Havenwood Multi-family (provisional name), Grand Forest Drive, across from Simplot Sports Complex, 48 units. Developer: Havenwood Partners, general contractor: Foothill Construction, architect neUdesign Architecture. Construction started in November with completion expected in June.,

SilverCloud Apartments, Goodyear Way, 56 units. Developer: Trilogy Development.

Towne Pointe, Preece Drive, 24 units. Developer and general contractor: Envision Homes, architect: Wilson Architectural in Garden City. Construction started in May and was wrapped up on Dec. 15.

Idaho Street Townhomes, Idaho and 16th street, 15 units. Developer and general contractor: Hale Development, architect: Cole Architects. Construction on the first nine units started in October with the next six units expected to start in spring.

Meridian

840 Units

Stonesthrow Apartments, Florence Drive, 140 units. General contractor: Summit Developers, c. Construction started in July 2016 with 68 units complete. Completion expected in July or August.

Shallow Creek Townhomes, Locust Grove at Franklin, 60 units. Owner and general contractor: Summit Developers, architect: Houston Bugatsch Architects of Nampa. Construction started in mid-February with completion expected in July.

Paramount Square Apartments, Elsinore Avenue, 280 units. Developer: Brighton Corp, general contractor: Pacific Partners, architect: DG Group Architects. Construction starts as soon as weather permits.

The Franklin at Ten Mile, near Franklin and Ten Mile Roads, 360 units. Developer and general contractor: ESI Construction, architect: The Architects Office. Phase 1 with 128 units started in 2015 and completed in spring 2016, Phase 2 with 132 units started in September with buildings completed from May through October, Phase 3 with 100 units will start construction in summer and wrap up in September 2018.

Nampa

539+ Units

Station at Gateway, Stamm Way, 256 units. Developer and the general contractor was Bach Land and Development of Draper, Utah, architect: Tuttle and Associates of Salt Lake City. The first 64 units opened in November across from the Nampa Gateway Center and the new WinCo store with the next 48 completed in March. Another 160 units should be complete in late summer or early fall.

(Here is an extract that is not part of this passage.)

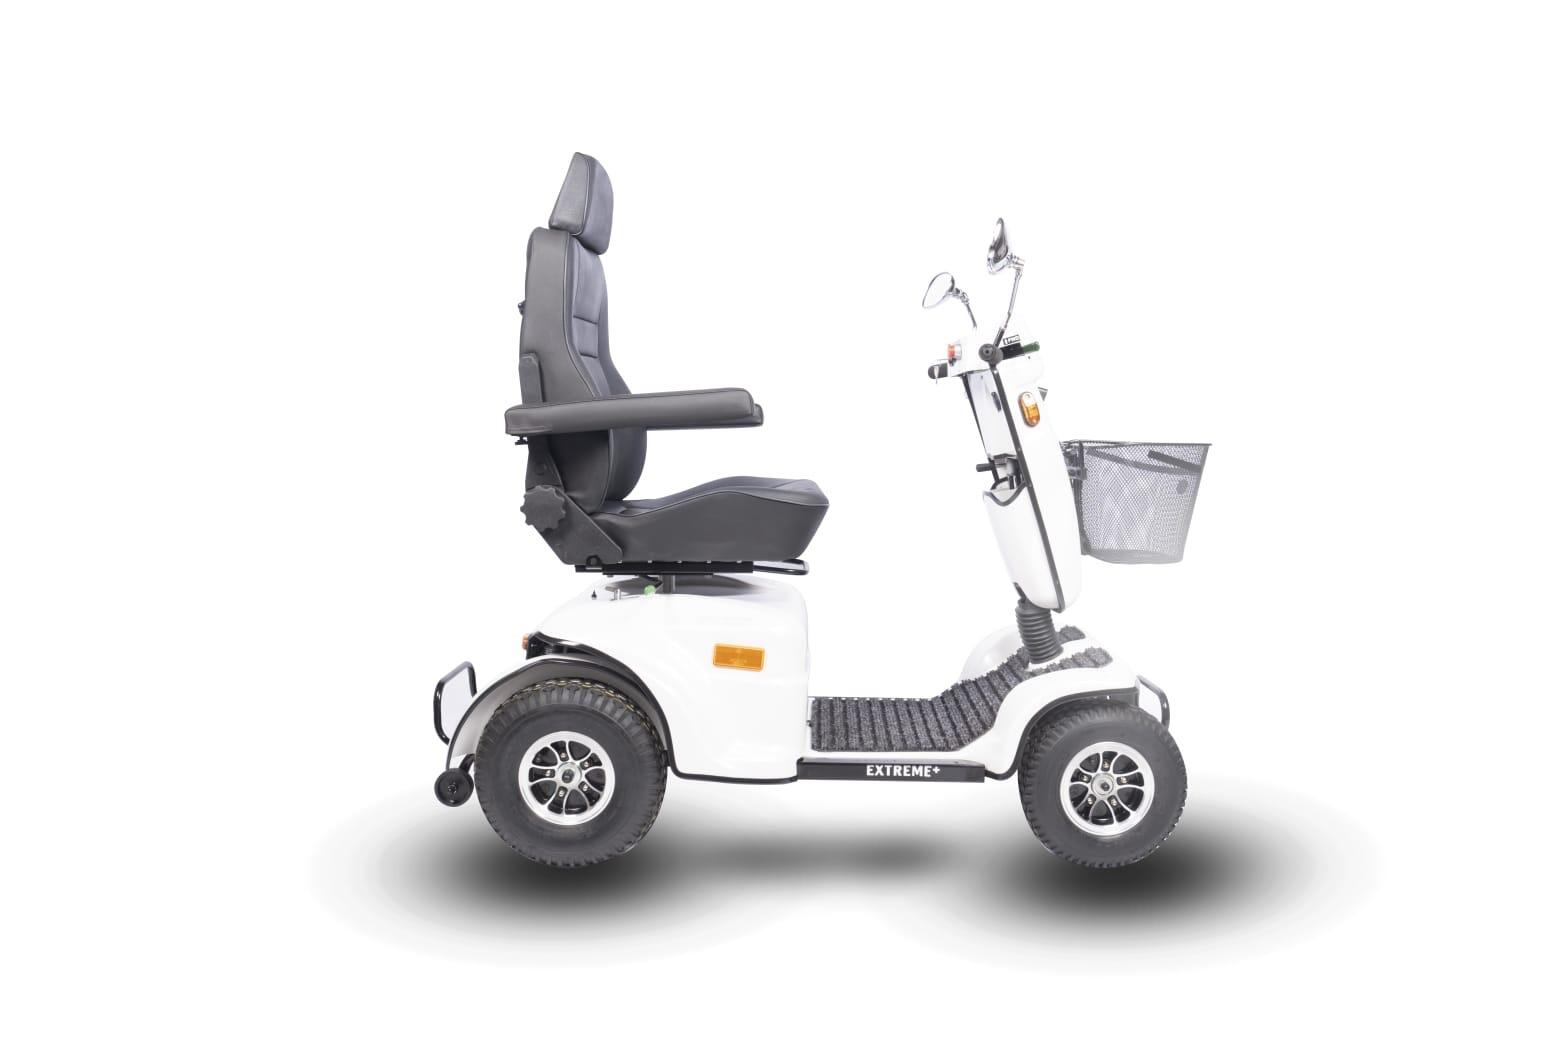 Extreme plus powerful mobility scooter near side view

Hayspur, Horton, and Kansas avenues, 30 units. Developer and general contractor: Perryman Construction Management, architect: neUdesign Architecture of Meridian. Construction started in September with completion expected in May.

RidgeCrest Commons, Birch Lane, 172 units. Developer: Biltmore Co.

Hines Creekside Park, Edgewood Circle, 48 units. Developer: Biltmore Co.

Kuna

316 Units

Crimson Point Village, Deer Flat and Ten Mile roads, 208 units. Developer and general contractor: CBH Homes. Architect: The Architects Office. Started construction in October, first two of 44 buildings completed, the remainder being built in phases

Tomorrow’s Subdivision, Kay Avenue and Ensolarado Street, 12 units. Developer and general contractor: CBH Homes. Architect: The Architects Office. Started construction in December, completion in April-May

Journey’s End, Kay Avenue, south of Kuna Road, 96 units. Developer and general contractor: Perryman Construction Management. Architect: Glancey Rockwell Architects. The first phase o 36 units started construction in October, finishing in May or June to be followed by the second phase of 60 units.